Physics of Life - The Dynamic Organization of Living Matter

The key objective of the Cluster of Excellence Physics of Life is to identify principles that govern the dynamic spatiotemporal organization of life at the scales of molecules, cells and tissues, by utilizing innovative experimental approaches, theoretical predictions and computer simulation. We aim to provide an understanding of how biological processes emerge from the laws of physics, to deepen our understanding of living biological matter.

Our Strategy: Understand biological processes as physical processes – focus on key biological questions that call for a physics perspective. We break down the complex task of understanding the principles of dynamic organization of the living state of matter into six Research Avenues (RAs) that focus on distinct scientific goals, and that support and stimulate each other.

Guided Mechanochemical Self-Organization

Research Avenue 1 wants to unravel the principles by which mechanics and biochemical coupled in morphogenesis.
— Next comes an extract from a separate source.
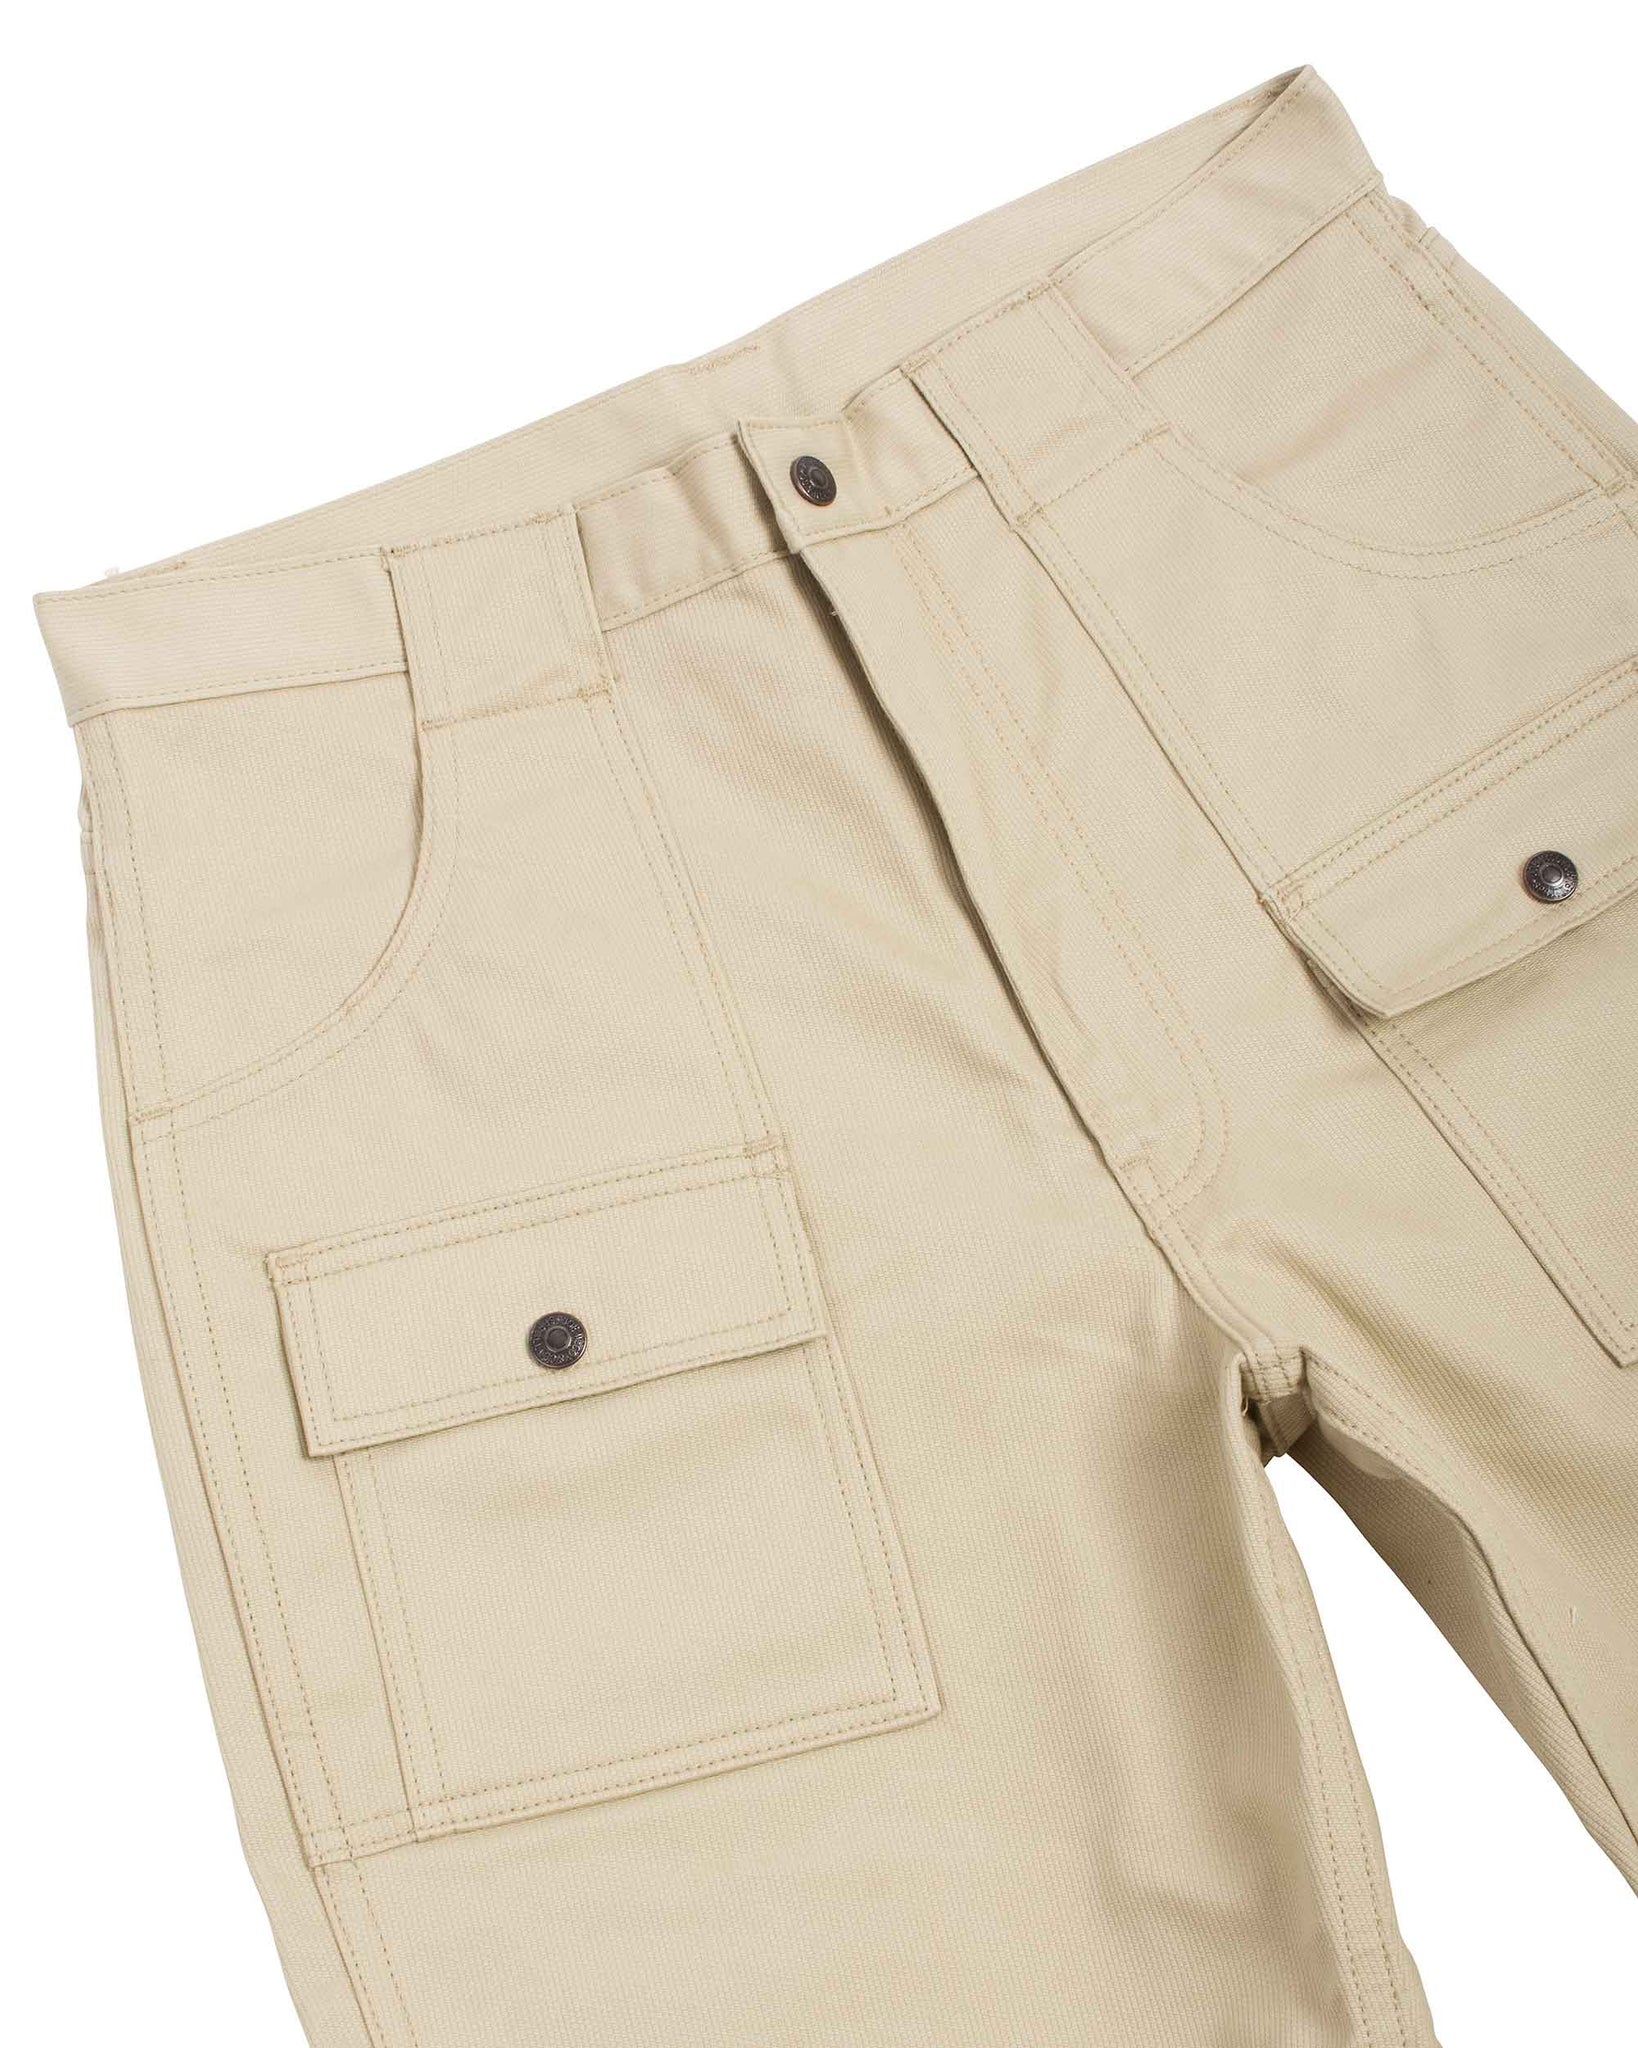 The Real McCoy's MP22013 Outdoor Utility Shorts / Pique Ivory Details

We aim to reveal how the associated modules of self-organization are guided by physical cues and upstream signaling pathways.

Compartmentalization of Living Matter

Research Avenue 2 wants to understand the extent to which the principles of phase separation and phase transitions help in understanding how cells modulate their biochemistry. We aim to have a general understanding of the ways in which phase separation and cellular compartments emerge from physical chemistry and the interaction of individual molecules.

Active Molecular Systems

Research Avenue 3’s objective is to elucidate collective spatiotemporal behaviors of active molecular systems, and to reveal the principles by which active molecular assemblies give rise to dynamic intracellular processes. We aim to obtain a general understanding of the principles by which collectives of active molecules generate intracellular dynamics.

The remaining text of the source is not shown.